Time-of-Use (TOU) Rate Arbitrage is the automated strategy of charging a battery energy storage system (BESS) during low-price off-peak intervals and discharging that stored energy during high-price on-peak intervals to capture the monetary differential in the utility rate schedule.
Glossary
Time-of-Use (TOU) Rate Arbitrage

What is Time-of-Use (TOU) Rate Arbitrage?
A financial strategy leveraging battery storage to exploit temporal price differences in electricity.
This process relies on a deterministic or predictive dispatch algorithm that optimizes charge/discharge cycles against a known tariff structure, effectively transforming a battery into a financial instrument that converts temporal energy price spreads into operational savings without requiring behavioral changes from the facility.
Core Characteristics
The fundamental operational, economic, and technical components that define how battery energy storage systems capture value from temporal price spreads in electricity markets.
The Charge-Discharge Cycle
The core operational loop of TOU arbitrage consists of two distinct phases executed daily. During off-peak periods (typically overnight or midday when solar generation depresses prices), the battery management system draws power from the grid to charge storage assets at low cost. During on-peak windows (early evening when demand peaks and solar ramps down), stored energy is discharged back to the grid or behind-the-meter loads. The round-trip efficiency—typically 85-95% for lithium-ion systems—determines the net energy delivered per unit charged. A 100 MWh charge at $20/MWh yields approximately 90 MWh of dischargeable energy, requiring a price spread exceeding $22.22/MWh just to break even on energy losses alone.
Price Spread Economics
The economic viability of TOU arbitrage depends entirely on the peak-to-off-peak price differential. Key components include:
- Wholesale energy arbitrage: Capturing the spread between locational marginal prices at different hours
- Retail rate arbitrage: Exploiting differences in utility TOU tariff structures behind the meter
- Demand charge avoidance: Discharging during a facility's peak demand intervals to reduce monthly demand charges, which can constitute 30-70% of a commercial electric bill
The spark spread equivalent for storage—the minimum price differential required for profitability—must account for degradation costs, round-trip losses, and capital amortization. Typical breakeven spreads range from $15-40/MWh depending on battery chemistry and cycle life.
Degradation-Aware Dispatch
Every charge-discharge cycle imposes a marginal cost of degradation on the battery asset. Lithium-ion cells experience capacity fade through multiple mechanisms:
- Calendar aging: Time-dependent electrolyte decomposition independent of cycling
- Cycle aging: Loss of active lithium inventory proportional to depth of discharge and C-rate
- State-of-charge stress: Accelerated degradation when stored at extreme SOC levels (>90% or <10%)

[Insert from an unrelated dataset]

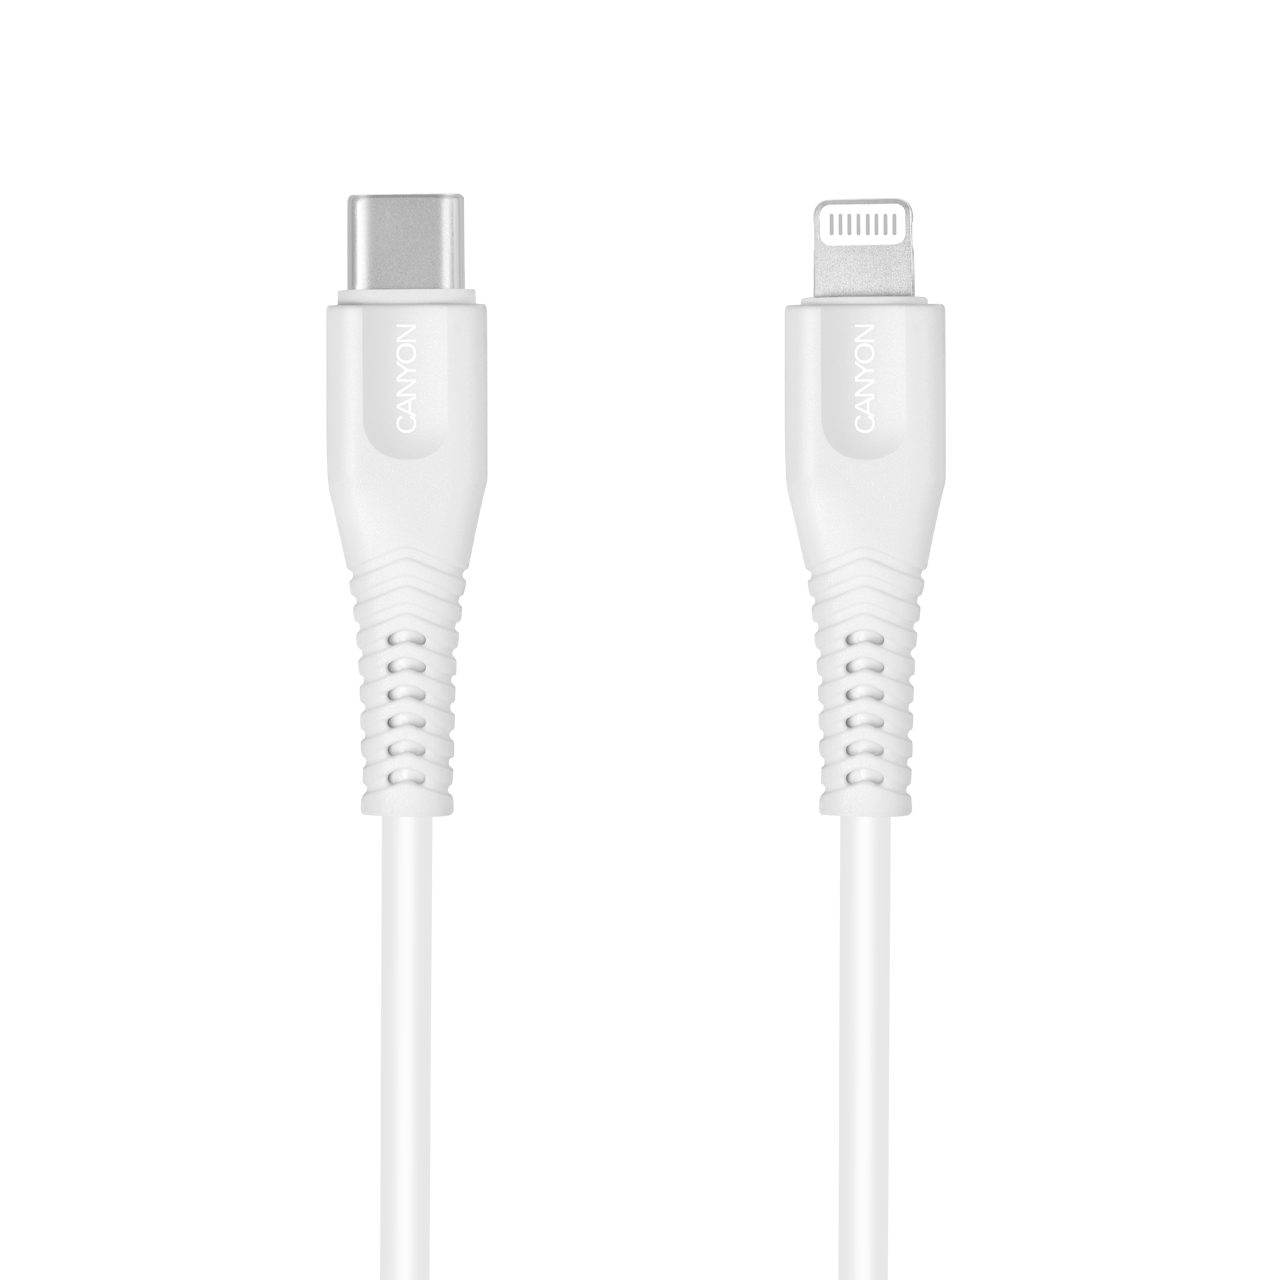 Photos - Cable (video, audio, USB) Canyon MFI-4 1.2 m White CNS-MFIC4W

Advanced dispatch algorithms integrate electrochemical degradation models into the optimization objective function. Rather than simply maximizing revenue, they solve for the dispatch schedule that maximizes net revenue after degradation cost. This often means forgoing small arbitrage opportunities where the marginal degradation cost exceeds the price spread.
Forecast-Driven Optimization
TOU arbitrage is fundamentally a stochastic optimization problem dependent on accurate forecasts:
- Price forecasting: Day-ahead and real-time LMP predictions using neural networks trained on historical nodal prices, weather, and generation stack data
- Load forecasting: Behind-the-meter demand predictions to determine residual capacity available for arbitrage
- Solar generation forecasting: Critical for commercial buildings with rooftop PV, as excess solar may charge the battery for free, altering the arbitrage calculus
Model Predictive Control (MPC) frameworks re-optimize the dispatch schedule at each timestep as new information arrives. This closed-loop approach corrects for forecast errors and captures intraday price volatility that static day-ahead schedules miss. Typical re-optimization intervals range from 5 to 15 minutes.

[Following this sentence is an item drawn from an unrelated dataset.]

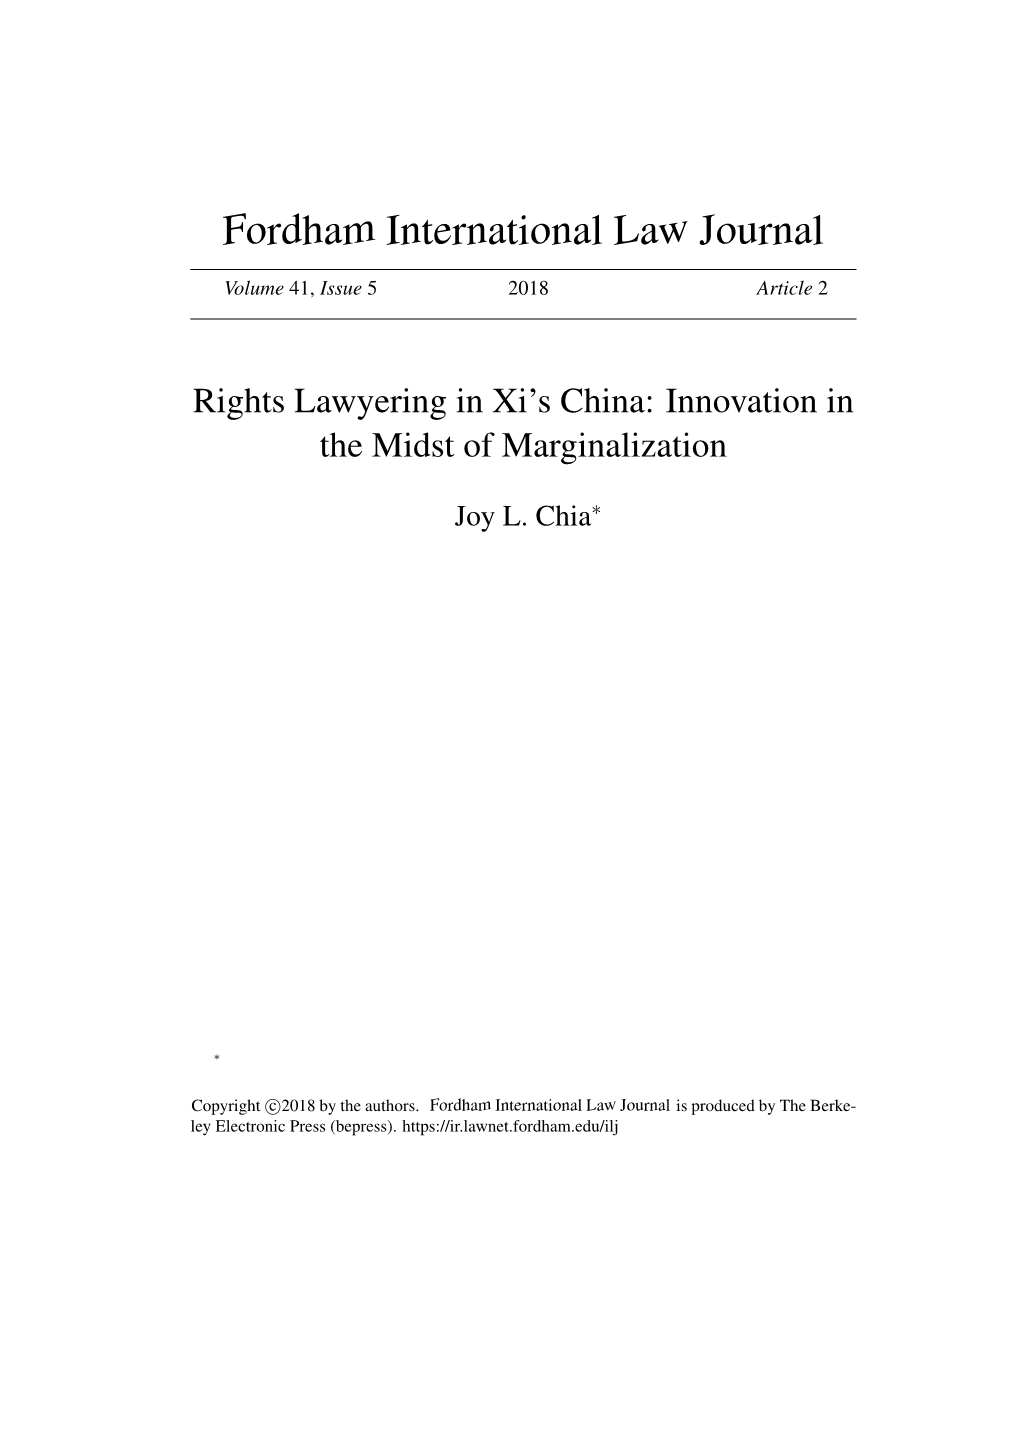 Rights Lawyering in Xi's China

Value Stacking Architecture
Pure energy arbitrage rarely justifies storage investment alone. Modern systems stack multiple revenue streams within a single dispatch framework:
- Frequency regulation: Reserving a portion of capacity for fast-responding regulation signals (e.g., PJM RegD) while arbitraging with the remainder
- Spinning reserve: Holding capacity in reserve for contingency events, earning capacity payments while still capturing some energy arbitrage
- Resource adequacy: Bidding into capacity markets to guarantee availability during system peak hours
- Voltage support: Providing reactive power services at the distribution level
The optimization engine must co-optimize across these stacked services, respecting the physical constraints of the battery while maximizing total portfolio revenue. Conflicts arise when, for example, a regulation signal requires charging during what would otherwise be a high-price discharge window.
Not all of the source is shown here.